▸ **Input data**

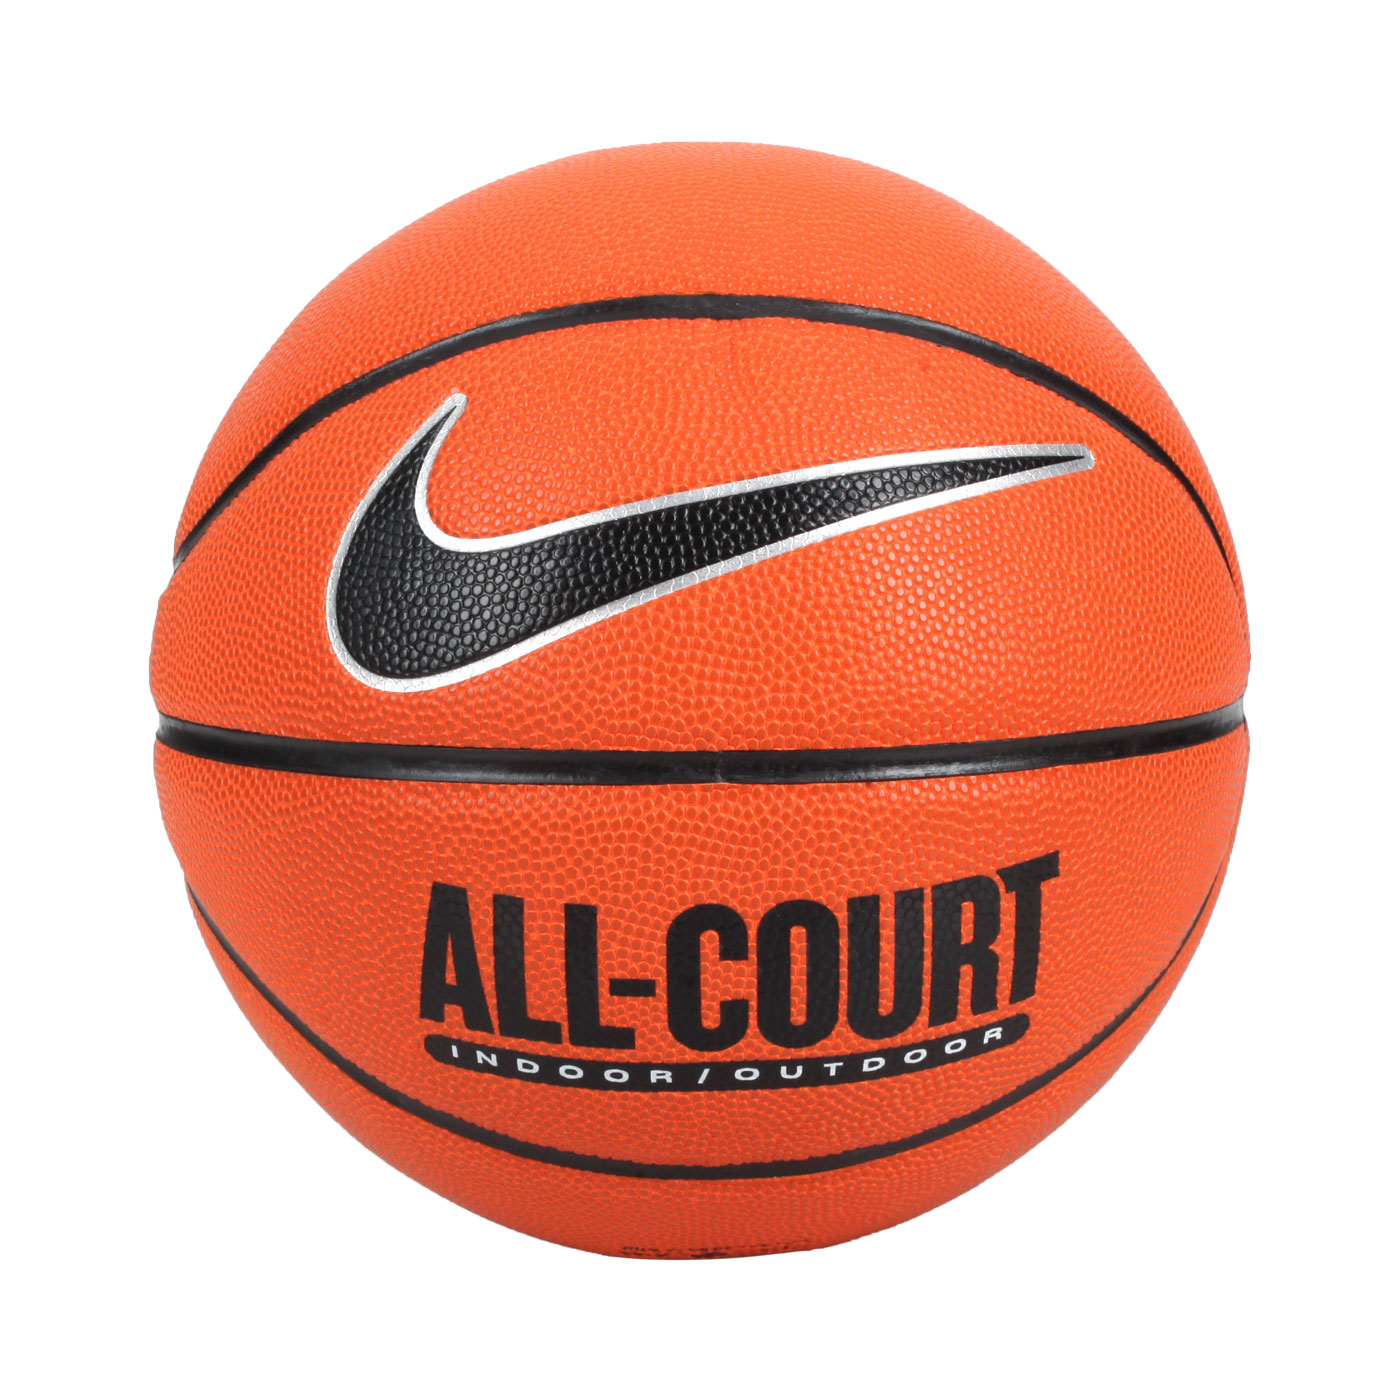 NIKE EVERTDAY ALL COURT 8P 6號籃球 N100436985506 - 橘黑銀
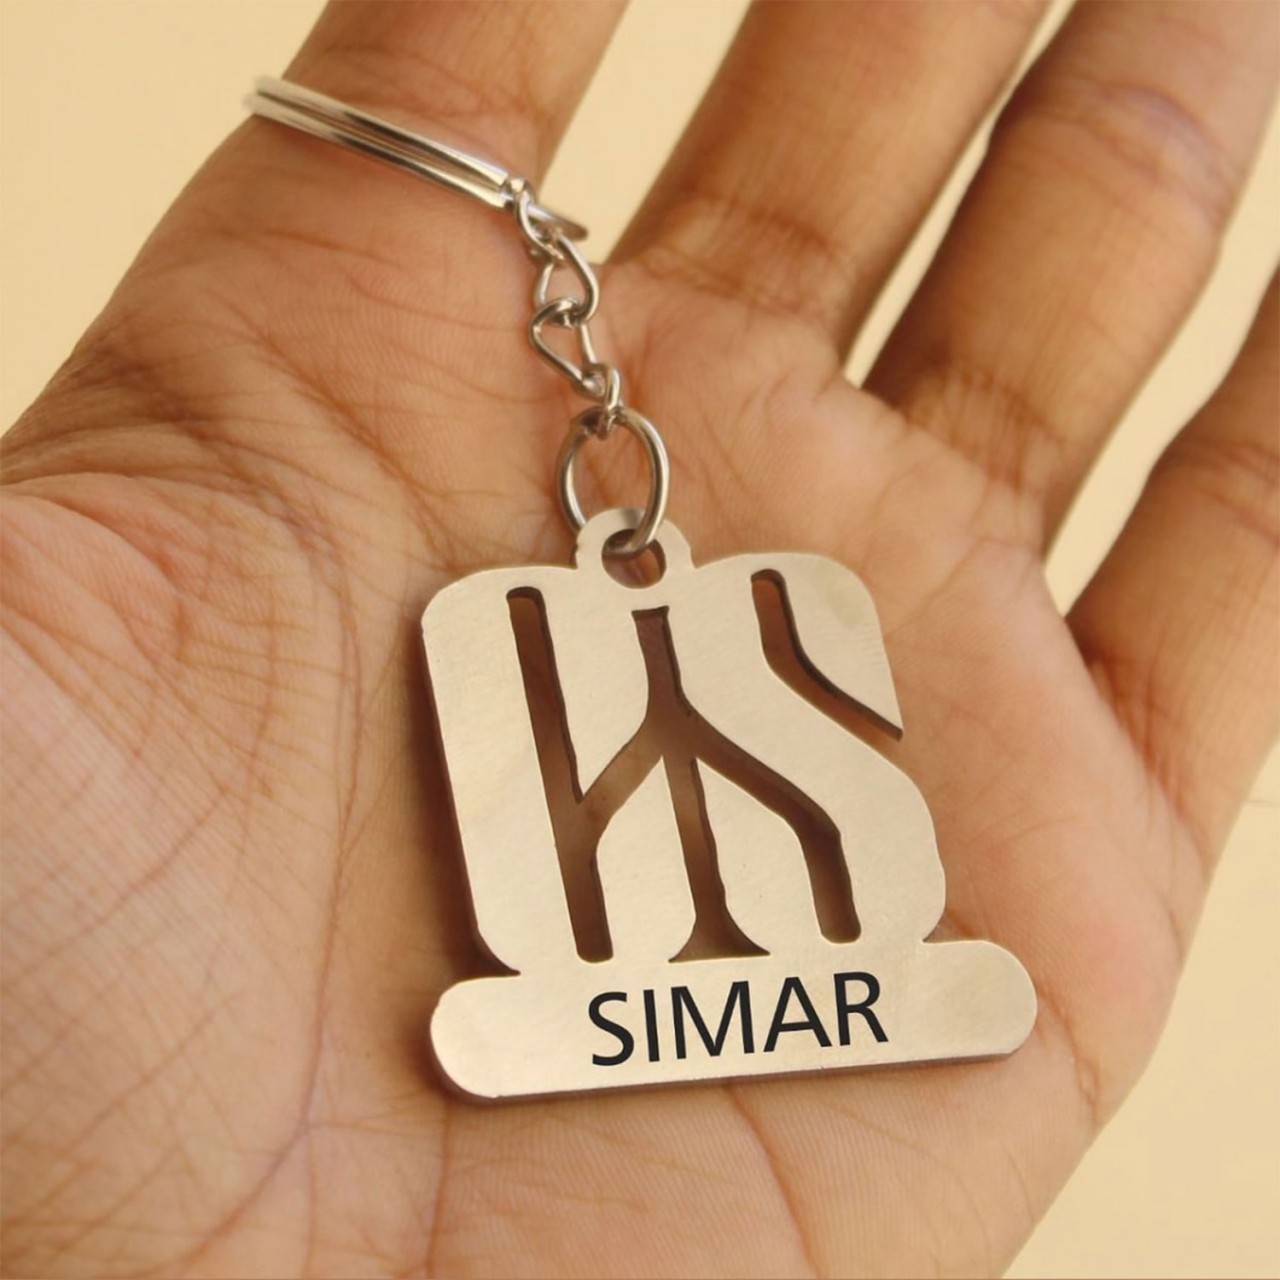 Personalized Metal Key Chain With Name
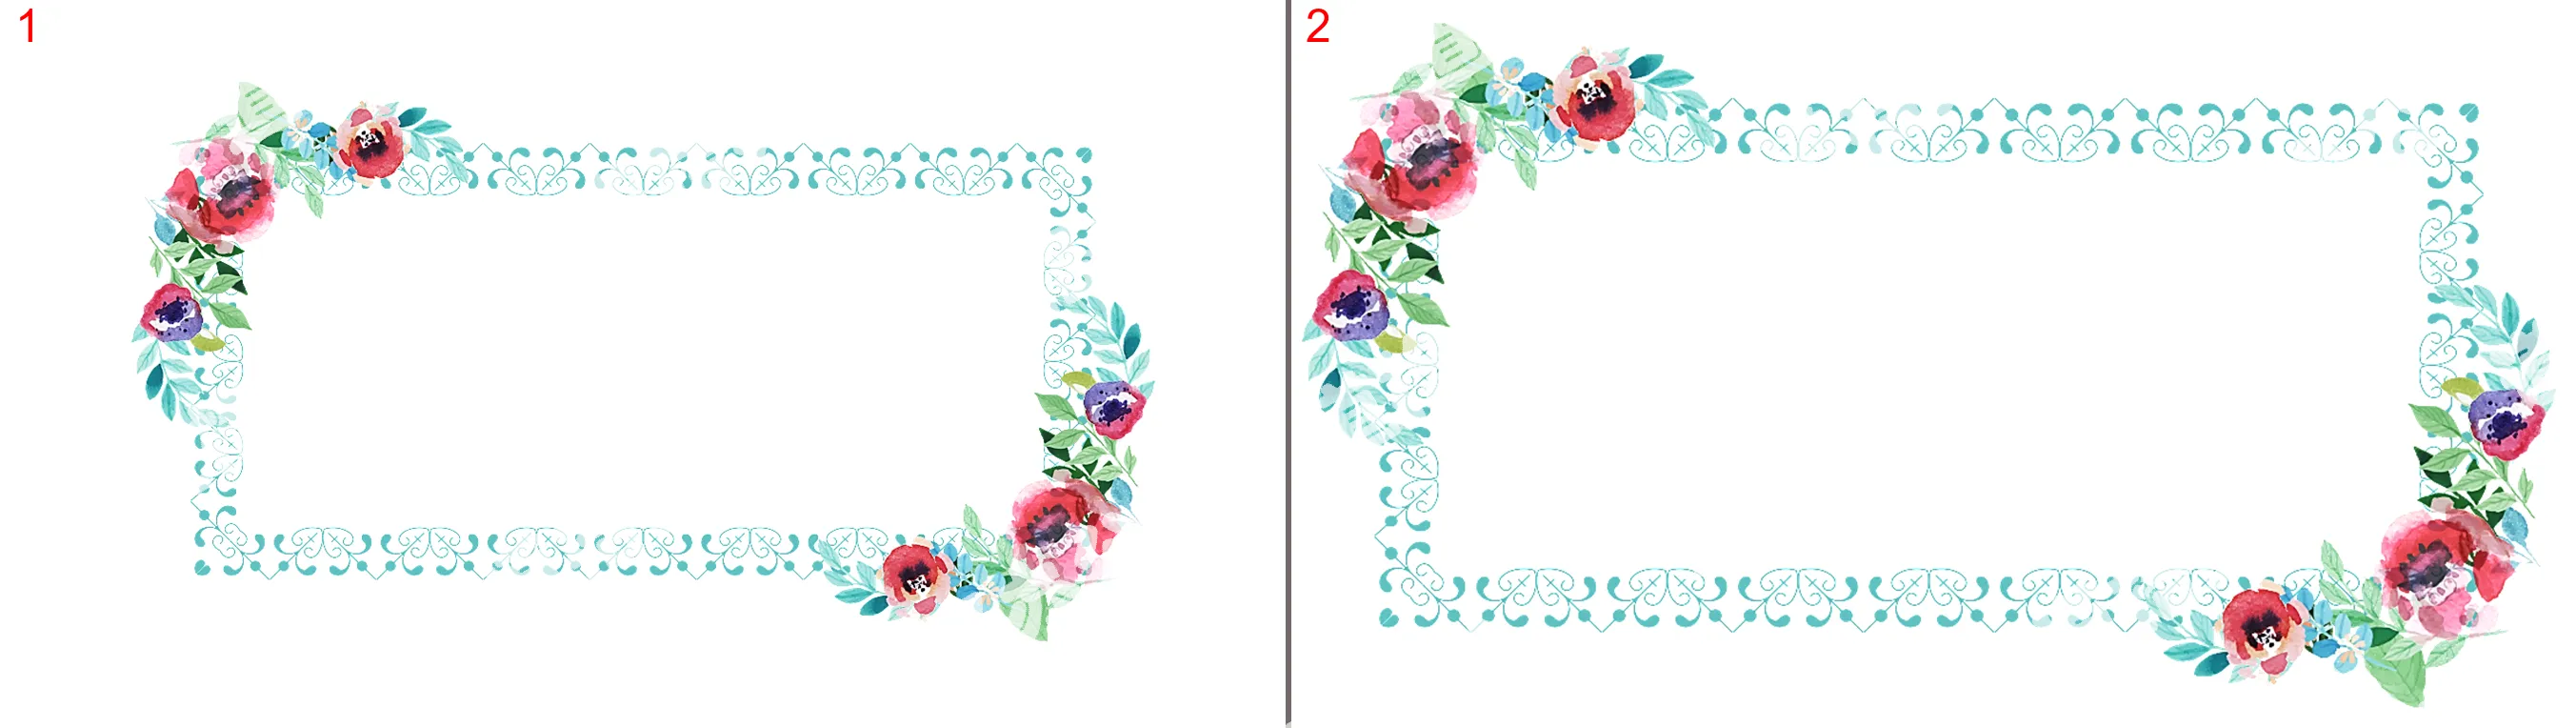 Watercolor flower border PPT background picture

▸ **Work required**
Everything above except the pictures needs to be reproduced exactly.

▸ **Response area**
 NIKE EVERTDAY ALL COURT 8P 6號籃球 N100436985506 - 橘黑銀
 Personalized Metal Key Chain With Name
 Watercolor flower border PPT background picture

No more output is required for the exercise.